The main reason most databases use one of the myriad clock sweep eviction variants instead of true LRU eviction is that they ensure more uniform performance over all possible sequences of a given non-uniform distribution of accesses -- most of the upside of an LRU while (especially in clever variants) avoiding most of the downside as well.
In order for the scan to be most efficient in cache, you need to store key-reference pairs in the buckets, so the swap cost should only be a couple instructions rather than a memcpy.
I've written a couple cache-aware hashes for work (fintech), including an always correct version of this that rehashed when buckets filled. I always call them multi-buckets for lack of a better term.

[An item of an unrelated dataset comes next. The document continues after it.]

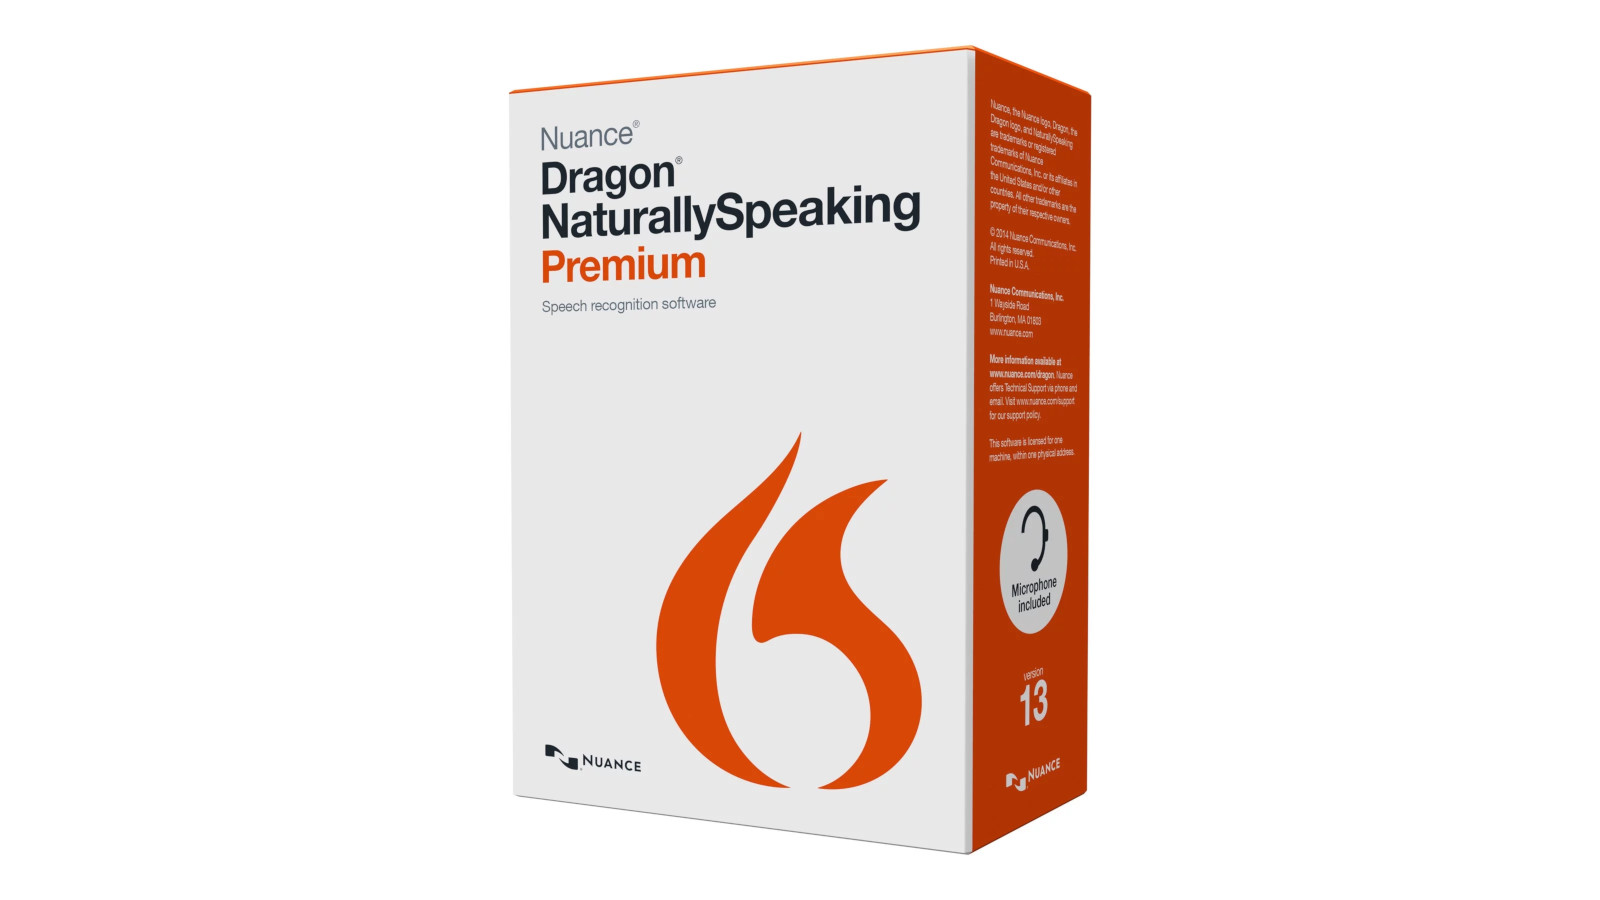 Nuance Dragon NaturallySpeaking Premium 13 Key (Lifetime / 1 PC), $13.73

Most data structures that rely on a chain of items can be improved by bucketing for cache lines (even linked lists).
I've also implemented 32 byte multi-buckets for a cuckoo hash scheme to try and balance search time and memory usages (you can get extremely high load factors using this approach). I don't think this approach is any better than a few other similar multiple-hashing schemes though.
I have tried keeping the hashs together in memory and using SSE compare instructions to do the comparison/mask of the entire bucket in a couple instructions, but have found the technique hit/miss.